2.1 SALARY. Executive shall receive for services to be rendered
hereunder an annualized base salary of $200,000 payable on a semi-monthly basis,
which may be reviewed at the discretion of the Compensation Committee of the
Board.
2.2 DISCRETIONARY BONUS. Executive will be eligible for a discretionary
bonus, in an amount to be determined solely by the Compensation Committee in its
discretion, subject to the terms and conditions outlined in a Company bonus
plan, which may be established and in effect from time to time.

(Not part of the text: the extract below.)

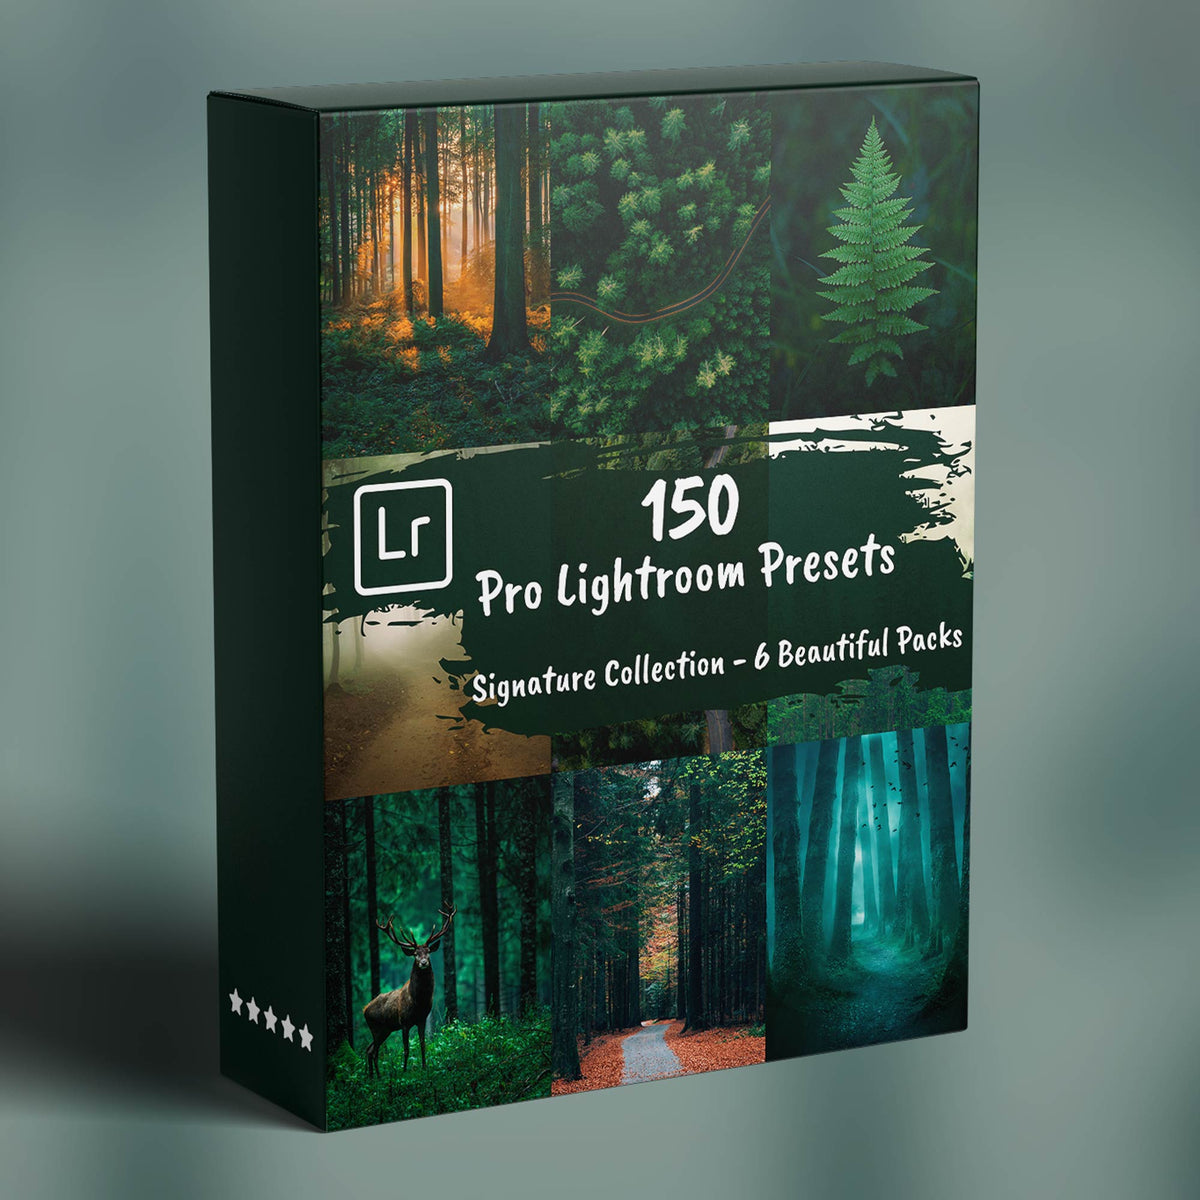 150 Lightroom Presets - 6 Packs Signature Collection

2.3 INCENTIVE COMPENSATION. In addition to any other compensation or
benefits set forth in this Agreement, Executive shall be entitled to participate
during the Employment Term in the Company's Stock Incentive Plan in such amounts
and on such terms as may be determined by the Company's Compensation Committee
and approved by the Board, and in any incentive plans, programs or arrangements
generally applicable to the Company's executives and employees on such terms as
are determined by the Board.
2.4 STANDARD COMPANY BENEFITS. Executive shall be entitled to all
rights and benefits for which he is eligible under the terms and conditions of
the standard Company benefits and compensation practices which may be in effect
from time to time and provided by the Company to its employees in comparable
positions (the "COMPANY BENEFITS").
2.6 BUSINESS EXPENSES AND PERQUISITES. Reasonable travel, entertainment
and other business expenses incurred by Executive in the performance of his
duties hereunder shall be reimbursed by the Company in accordance with Company
policies; PROVIDED that Executive provides the Company with reasonable
documentation of such expenses satisfactory to the Company.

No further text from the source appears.